How Oba Butler Joke Convinced Venture Capitalists To Give Him Over A Million Dollars
Not long In his new documentary, Oba Butler tells the co-founders of his fledgling company, Drops, that they need to create a luxury suitcase that “looks like a bomb” and sells for $200,000.
Right off the bat, I think his quest to get £1 million in 90 days might end early.
But I am wrong.
Butler is a British prankster documentary maker known for stunts like getting Amazon to sell its drivers’ urine as energy drinks or creating a fake restaurant called the Shed and playing TripAdvisor to make it London’s best restaurant on the platform. His latest documentary, made for Britain’s Channel 4, is called How I made £1 million in 90 days. Set in London and New York, the film depicts the world of startups, venture capital, cryptocurrencies and what ultimately seems like a lot of nonsense called get-rich-quick.

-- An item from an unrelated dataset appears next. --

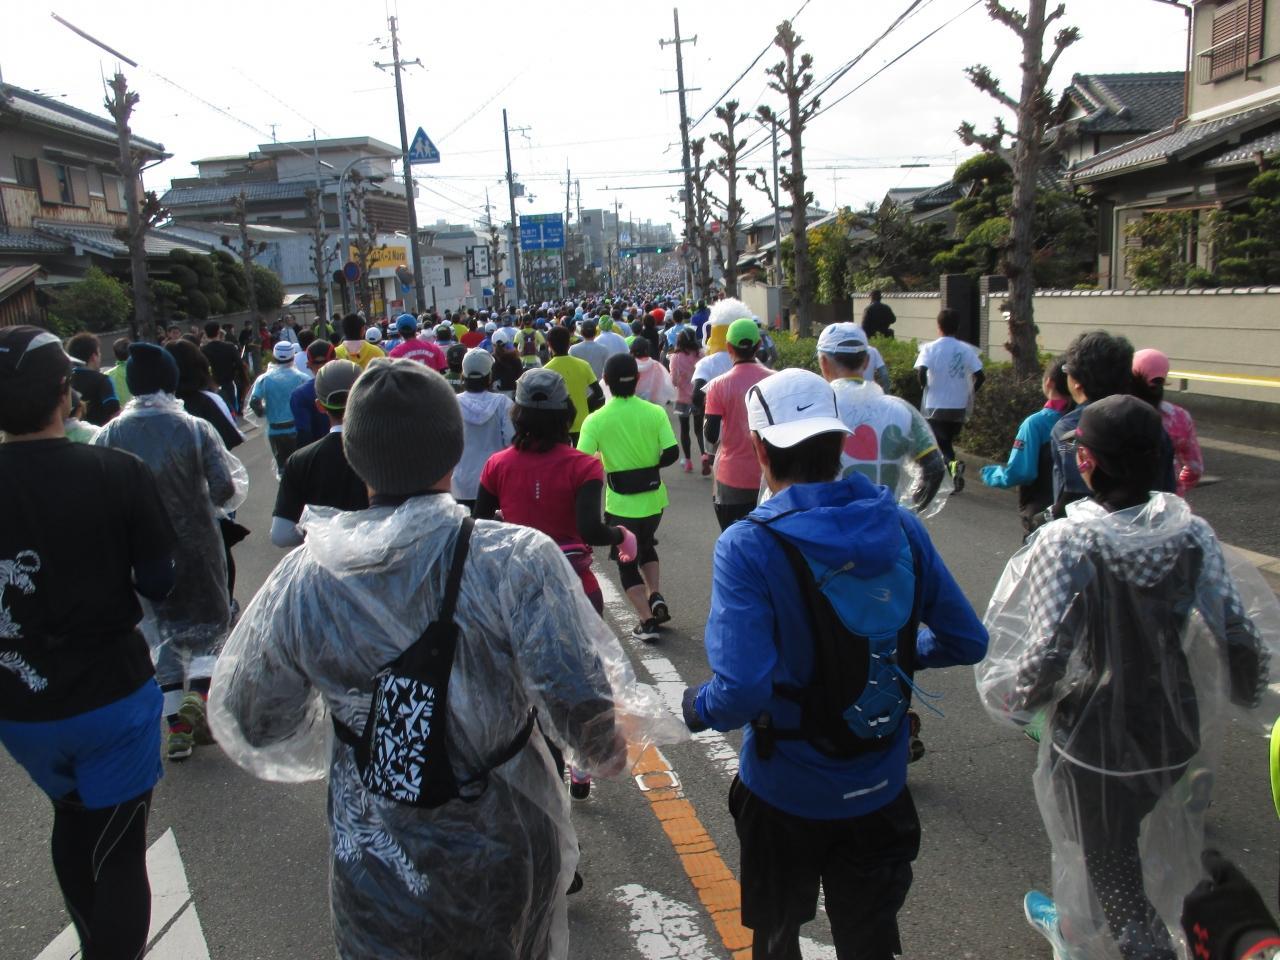 奈良マラソン2017奮戦記 大会当日+近鉄奈良駅周辺散策

Butler opens the film by saying that, as someone who didn’t grow up with money and isn’t particularly motivated by it, he’s fascinated by the fact that people “idolize” wealthy entrepreneurs.
“It came from a place where I wanted to understand why … everyone is so obsessed with money,” he tells WIRED. “And I’m not talking about survival. I’m not talking about affordability. I’m talking about … being addicted to making money.”
His only rules for getting the £1 million ($1.3 million) are that he is not allowed to break the law and that he is responsible for whatever costs he incurs to get there. He uses several strategies to raise cash, including just asking rich people for it (which doesn’t go over well) and generating publicity for the crypto company UNFK by doing things like tricking bankers into committing crimes on camera. He also creates Drops, a company that makes headlines for its controversial stunts and then tries to capitalize on the attention by selling “extremely expensive” items.
Butler takes advice from Venmo co-founder Iqram Magdoun Ismail, who quickly introduces himself as Butler’s co-founder at Drops and seems enthusiastic at first, thinking the company is already “worth at least $10 million” just because there are two people attached to it and they might be able to sell the Madison Square Garden story for a year. Their brainstorming session includes plans to buy the first piece of land on Mars and sell the opportunity to name the “first branded species”. But after Butler suggests a bomb-like suitcase and a pair of “real ad-blocking sunglasses” that completely obliterate the user’s vision, Magdon-Ismail temporarily ghosts him.
Butler then embarks on a memecoin adventure that goes south, before returning to Drops to launch “the UK’s first legal children’s spirits shop in over a century”. He gets around not paying the child laborers by arguing that since he is filming the children for the documentary, they are technically performers. His underage employees help him come up with marketing ideas to sell custom football jerseys a counterfeit religious cigarette brand called Holy Smokes. Although the clothing line is covered in GQ, Butler doesn’t sell any clothes worth a million pounds.